On the left you see a photo of soph-colt trotter Father Patrick, driven by Yannick Gingras and trained by Jimmy Takter. It is a photo of the 2014 Hambletonian favorite when he was a two-year-old, winning a race at Mohawk from post 10.

On Saturday, Aug. 2, the sophomore Father Patrick was assigned post 10 in the 2014 Hambletonian at the Meadowlands. The post meant nothing to bettors; they made him 2-5 and were poised to collect their money when the best of the three Jimmy Takter-trained colts in the $1-million-plus race lined up with his foes behind the starting gate before more than 20,000 fans and industry members and a television audience over CBS Sports Network.

In the scant moments it took for the wings of the starting gate to open, Father Patrick resorted to galloping, surrendering his unique gait in a shocking display of movement that no one had ever seen him make. For Father Patrick and his many supporters, the race that was supposed to be his to make history, was history for him the moment he galloped.

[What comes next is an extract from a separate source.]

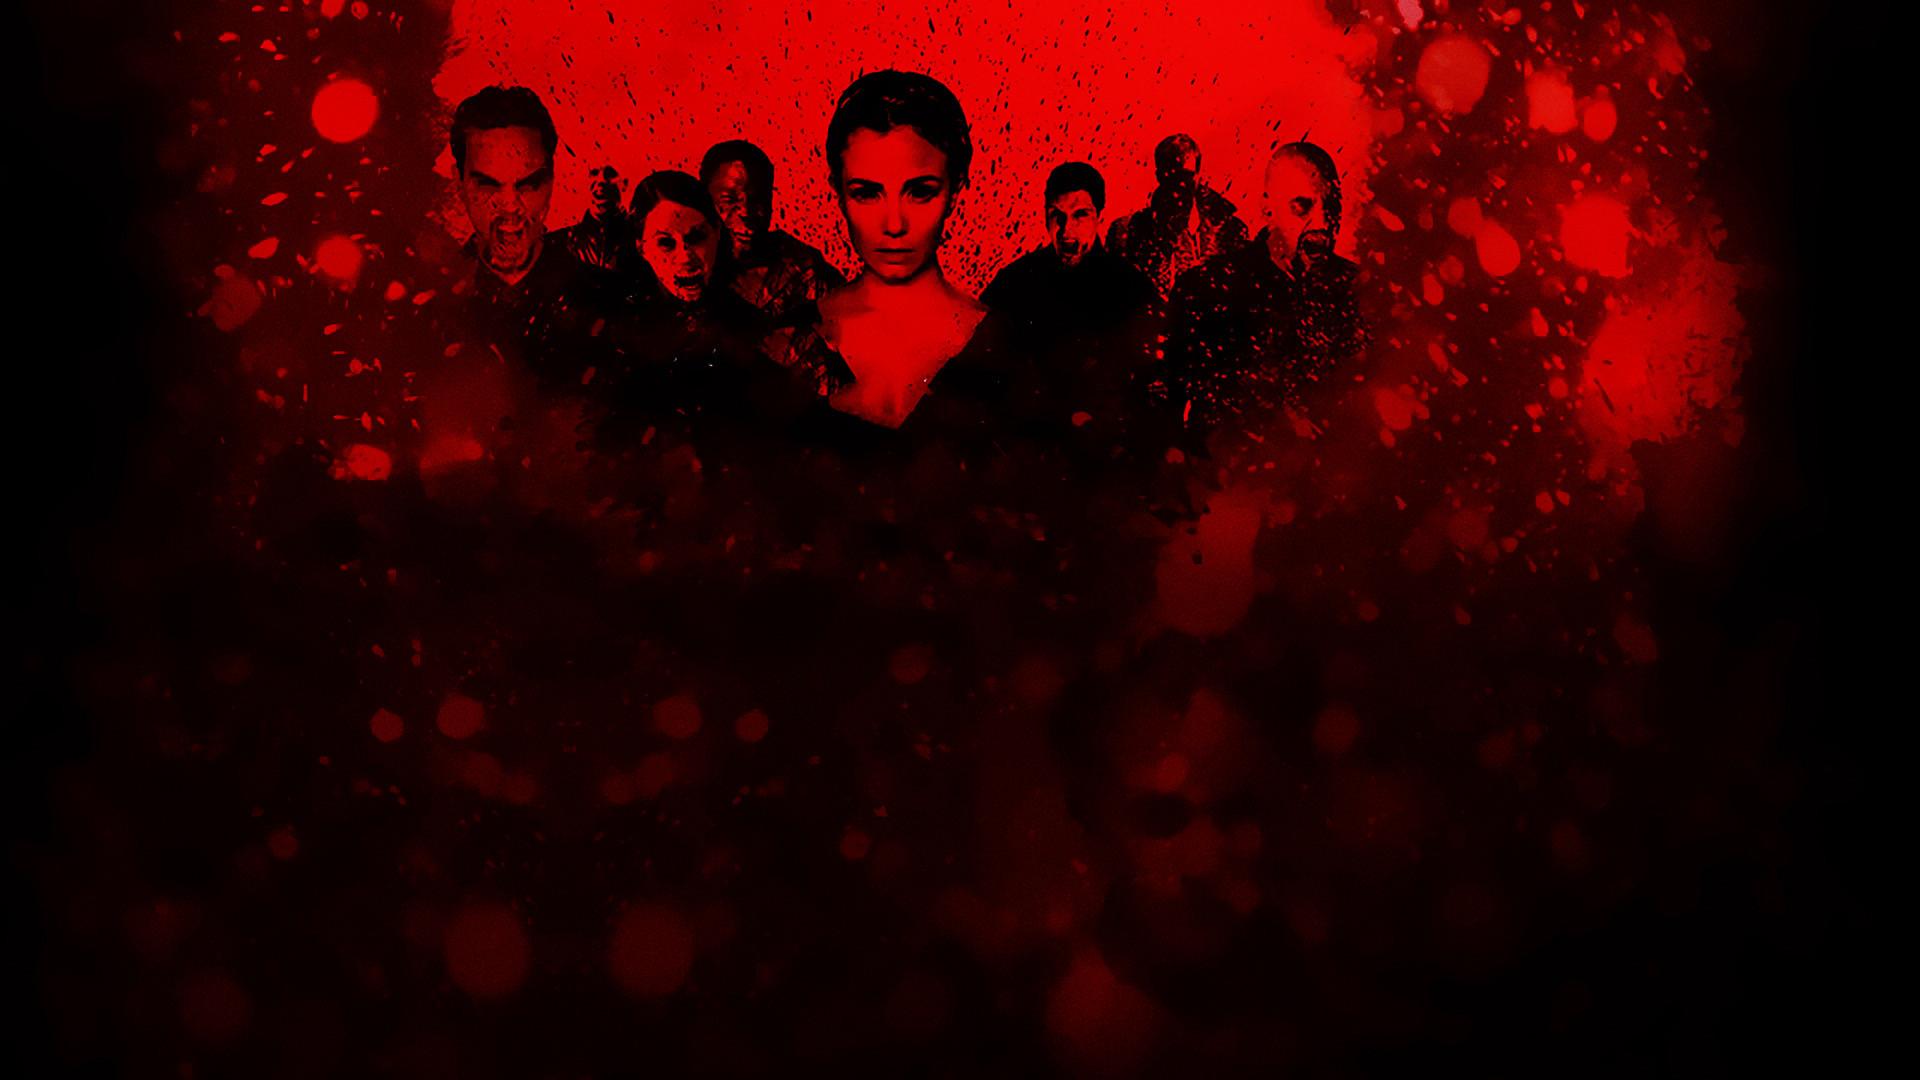 30 Days of Night: Dark Days | Movie fanart | fanart.tv

10x   11/57 3/4   11/63 1/2   11/63 1/2   11/65   11/70 Those are the past-performance lines for Father Patrick's Hambletonian effort.

Trainer Jimmy Takter never saw exactly what the audience saw when the starting gate swung open because he was driving another colt he trained, Trixton. "I was waiting for 'Patrick' to come," Takter said about the stretch drive after the race. "I had no clue. I didn't see him so I knew something must have happened to him."

John Campbell, no stranger to the race as a winning and losing driver over the years, took charge of the race early with the third Takter-trained colt in the field, Nuncio. Trixton and Takter chased Nuncio. Trixton and Takter won; Nuncio and Campbell were second. The Takter-trained exacta pair was so fast that the rest of the field was far behind them.

Takter told press-box members later he was elated to come in first and second in the classic race and happy to be the winning driver but that he was convinced it would have been different if Father Patrick trotted in the race.

"If Father Patrick stayed flat," Takter said, he would've wound up behind me [and Trixton] and come up in that position and he would've blown by both of us in the stretch."

Trixton and Nuncio had a good deal of supporters in the win pool; both went off at variables of 4-1. The non-Father-Patrick-involved exacta paid only $39.60.

For the best part of the season so far, Trixton was winning powerfully but could not beat his stable mate Father Patrick. Trixton was clearly the second-best in the division. And, as he trotted into history as the 89th Hambletonian winner, everyone knew the second-best trotter was the real horse that caught a break.

Many of us longed for the emotional punch we felt when we saw other special horses come rolling down the stretch, grabbing the ground and gliding to victory, almost laughing at foes. It is a special feeling we are only exposed to when a special horse comes along. It allows us to witness a certain greatness which we long to adore. We were robbed of that rare moment at a crucial time in the sport's history.

It was certainly not the first time and won't be the last time that a revered horse lost a big event. But to many of us following the impressive steps that Father Patrick has taken to victory at two and at three, this is the one to grieve over because he didn't win or lose--he just ran off. That left so many of us feeling the same as Takter: Father Patrick would have won the Hambletonian. He will win again, for sure, but the greatest moment of his career, no matter where he marks victories again, is lost because Father Patrick just ran off.